Tried and true e-mail marketing is alive and thriving despite the deafening buzz generated by social media marketing.
TORONTO – Marketing on social networking sites might be making waves in the media, but for some Canadian businesses traditional e-mail marketing still brings home the bacon. The simplicity and economy of e-mail marketing campaigns are their biggest strengths, these firms say.
One business that successfully uses such campaigns to reach out to a globally dispersed audience is Espial Group, an Ottawa-based provider of Internet Protocol TV middleware and applications.
The company has more than 100 employees in Canada and counts Rogers Communications, Motorola and Nokia as partner-clients. But it also sells extensively to businesses in Asia, the Middle East, Europe and South America.

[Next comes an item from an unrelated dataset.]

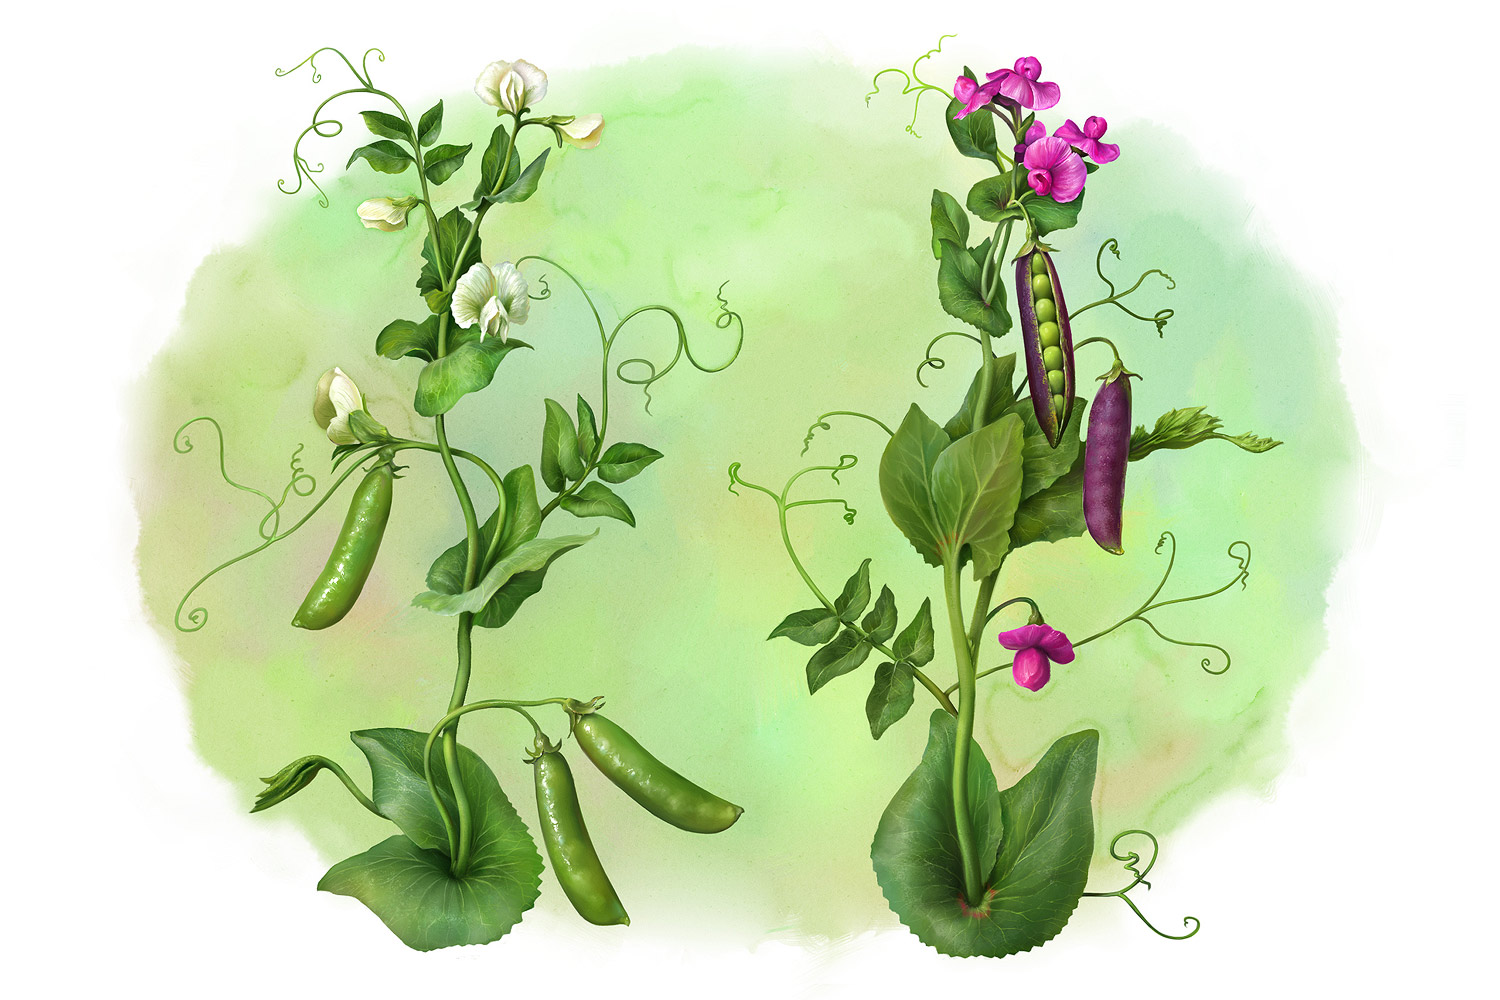 Eldar zakirov 2016   botanics. pea plants  1

“We’ve done the research and find social media marketingis really not ideal for business-to-business (B2B) operations such as ours,” said Kirk Edwardson, marketing director at Espial.
He said Facebook-type sites are mostly geared towards consumer markets and frequented by a younger demographic. “We focus our campaigns mostly on decision makers who are older.”
A U.S.-based online marketing specialist agrees with Edwardson’s views.
Compared with direct marketing efforts – snail mail, e-mail, and so on, where an offer is created based on what the company wants to sell, social marketing initiatives focus on involving communities with creating the offer as well as promoting it, says Lee Odden, CEO of TopRank Online Marketingin Minneapolis in his blog.
While many marketing firms, including TopRank, are moving towards social marketing, Odden says e-mail methods still hold some advantages:
“It’s a straightforward marketing campaign based on developing an offer, defining a target audience, and creating a series of messages intended to communicate the offer and convert.”